Question 4.6: Show that the matrices [1 1 -1 4] and [2 1 1 3] are similar ......
Show that the matrices \left[\begin{array}{c c}{1}&{1}\\ {-1}&{4}\end{array}\right] and \left[{\begin{array}{c c}{2}&{1}\\ {1}&{3}\end{array}}\right] are similar but that \left[\begin{array}{c c}{{3}}&{{1}}\\ {{-6}}&{{-2}}\end{array}\right] and \left[\begin{array}{c c}{-1}&{2}\\ {1}&{0}\end{array}\right] are not.

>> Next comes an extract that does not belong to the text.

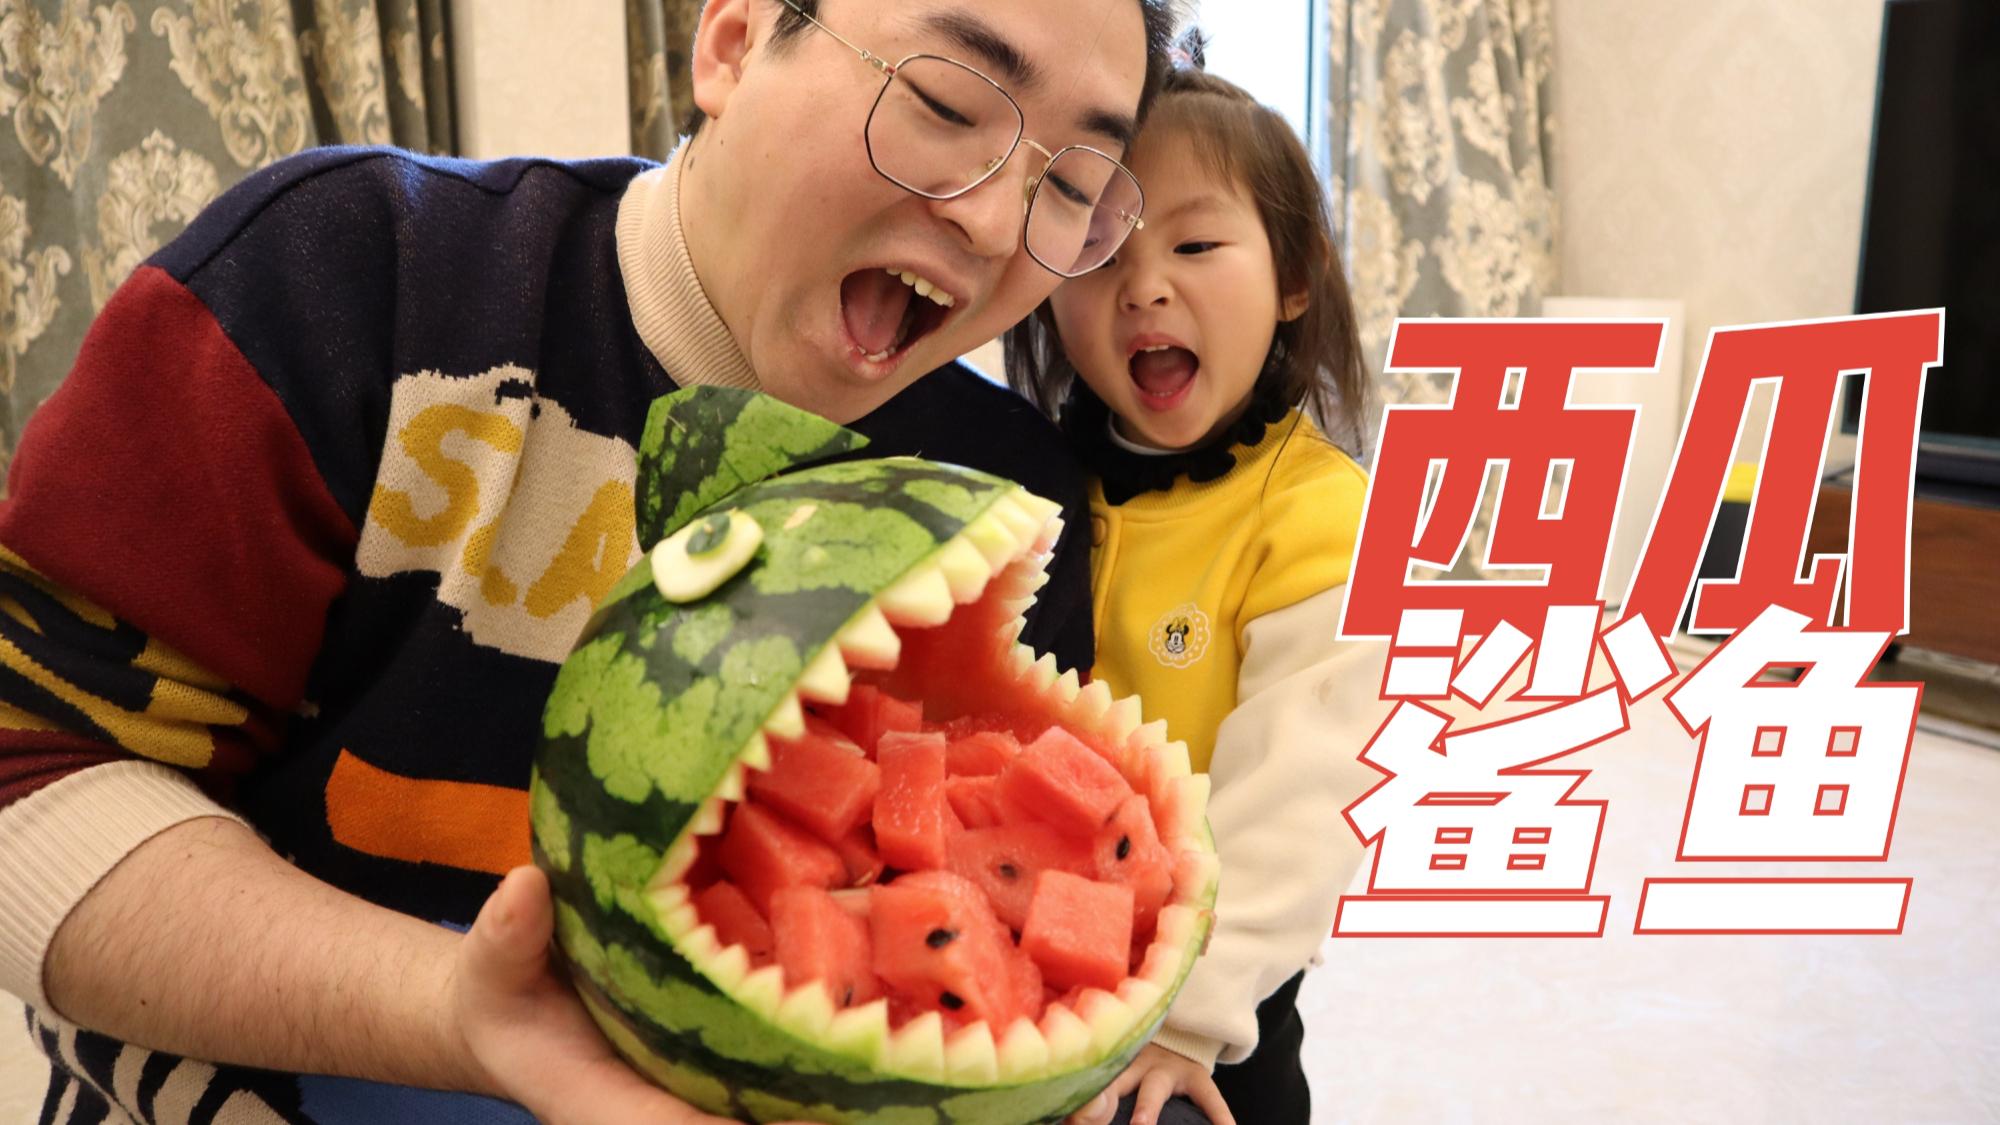 有了孩子之后,陪她再做西瓜鲨鱼,又是另一种心态了

Let A_{1}={\left[\begin{array}{c c}{1}&{1}\\ {-1}&{4}\end{array}\right]},\ A_{2}={\left[\begin{array}{c c}{2}&{1}\\ {1}&{3}\end{array}\right]},\,A_{3}={\left[\begin{array}{c c}{3}&{1}\\ {-6}&{-2}\end{array}\right]},~{\mathrm{and~}}A_{4}={\left[\begin{array}{c c}{-1}&{2}\\ {1}&{0}\end{array}\right]}
\operatorname*{det}(A_{1})={\left|\begin{array}{c c}{1}&{1}\\ {-1}&{4}\end{array}\right|}=5,{\mathrm{~det}}(A_{2})={\left|\begin{array}{c c}{2}&{1}\\ {1}&{3}\end{array}\right|}=5
\\[1.5 em] \operatorname{det}(A_{3})={\left|\begin{array}{c c}{3}&{1}\\ {-6}&{-2}\end{array}\right|}=0,\;\operatorname{det}(A_{4})={\left|\begin{array}{c c}{-1}&{2}\\ {1}&{0}\end{array}\right|}=-2.
Therefore, if \operatorname*{det}(A_{1})={\mathrm{det}}(A_{2}), matrices A_{1} and A_{2} are similar.
If \operatorname*{det}(A_{3})\neq {\mathrm{det}}(A_{4}), matrices A_{1} and A_{2} are not similar.